For some time now, I’ve been using Thunderbird Portable to manage my email accounts. For me, it has several advantages over other options:
With all my email from all my accounts gathered in one place on a flash drive (and backed up–usually daily, because the flash drive WILL fail eventually–to a hard drive by simply dragging and dropping the whole Thunderbird Portable folder), I can take it with me wherever I go and still not have to mess with the cumbersome nature of even the best webmail (a tossup between GMail and Yahoo Mail, IMO–Windows Live is for very sick, thought-to-be-extinct Dodo birds *heh*). Simple, and I can still use it whether in a Windows or Linux–or even PCBSD–session (as long as WINE’s installed in the ‘nix box). Really snazzy solution.

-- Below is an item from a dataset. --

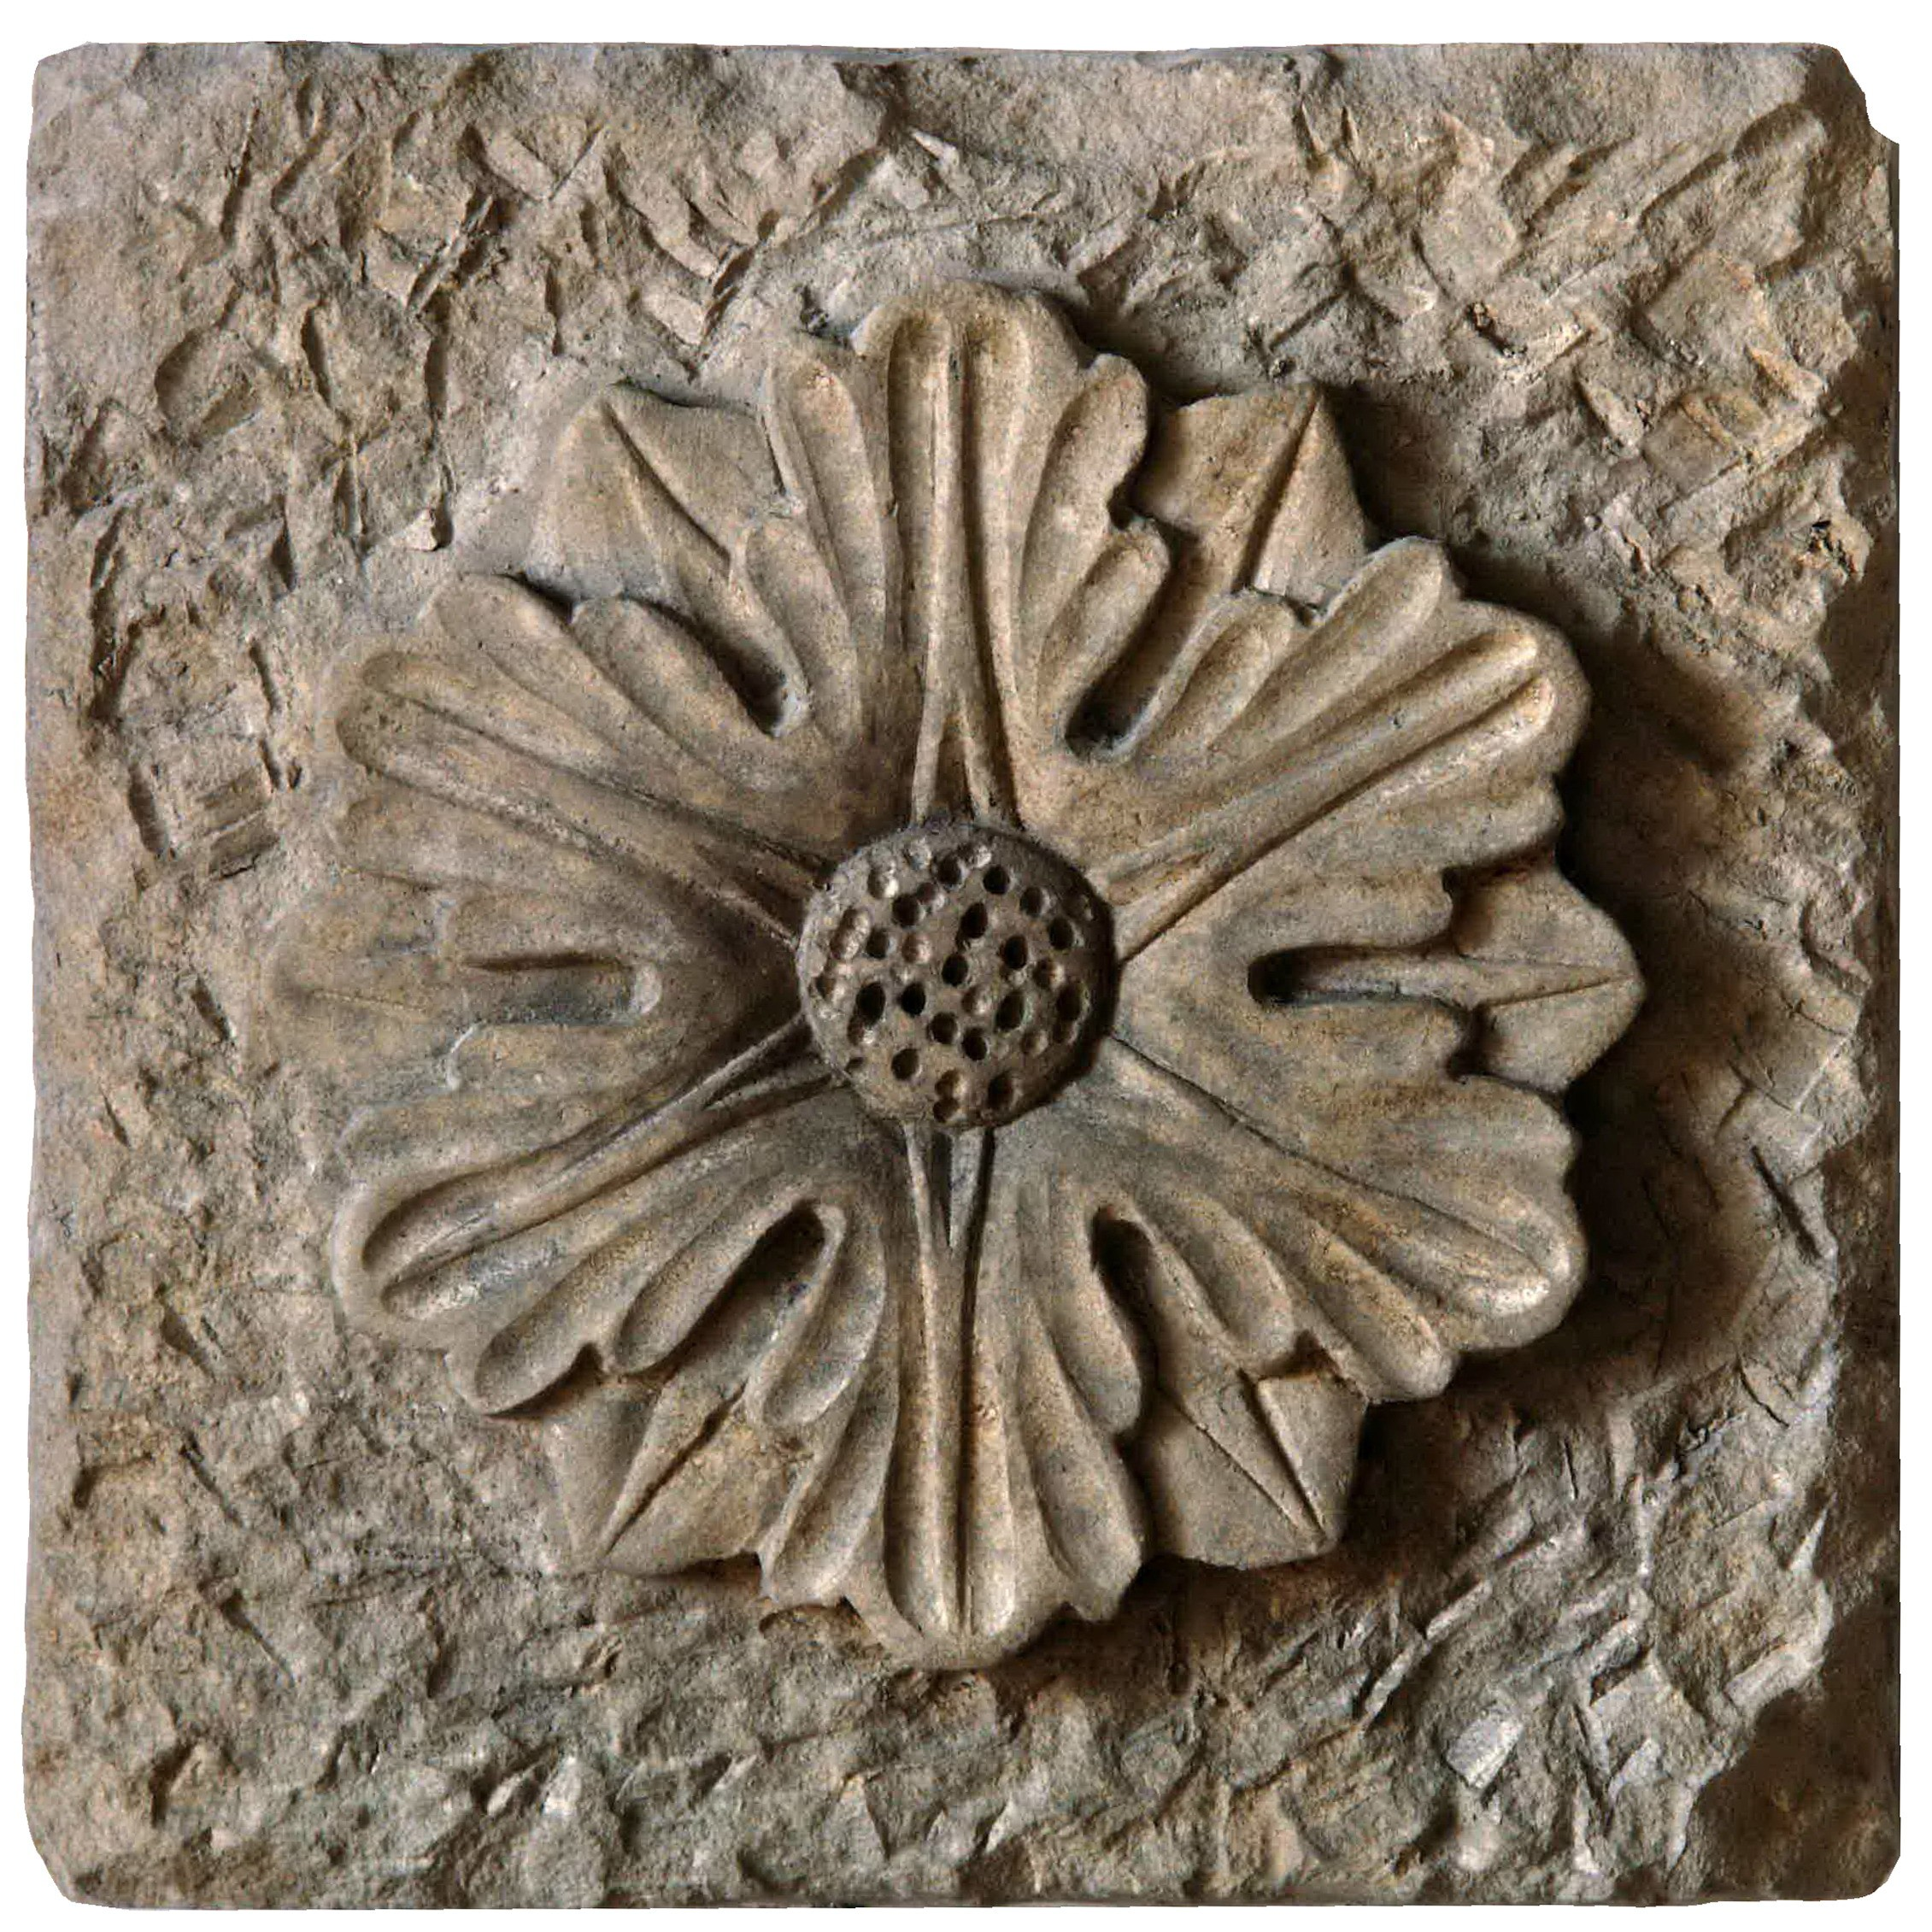 Formelle flowers rosettes and friezes recuperando

But. What about when an older OS or computer refuses to release a flash drive and getting it disconnected causes file corruption (even shutting the computer down may not avert that problem)? That’s a good reason to not only back the mail up every day but to configure T-Bird to leave the messages on the server, not simply delete them on download. Yeh, yeh, that could mean dropping in on some accounts and manually cleaning out clogged up mail folders every now and then, but that’s a very small price to pay.
Besides, with daily backups, it’s doubtful one would lose much mail even were T-Bird not configured to leave mail on the server. One corrupted startup and… simply reinstall over the existing installation, and if mail needed to be copied over from backup, no problem.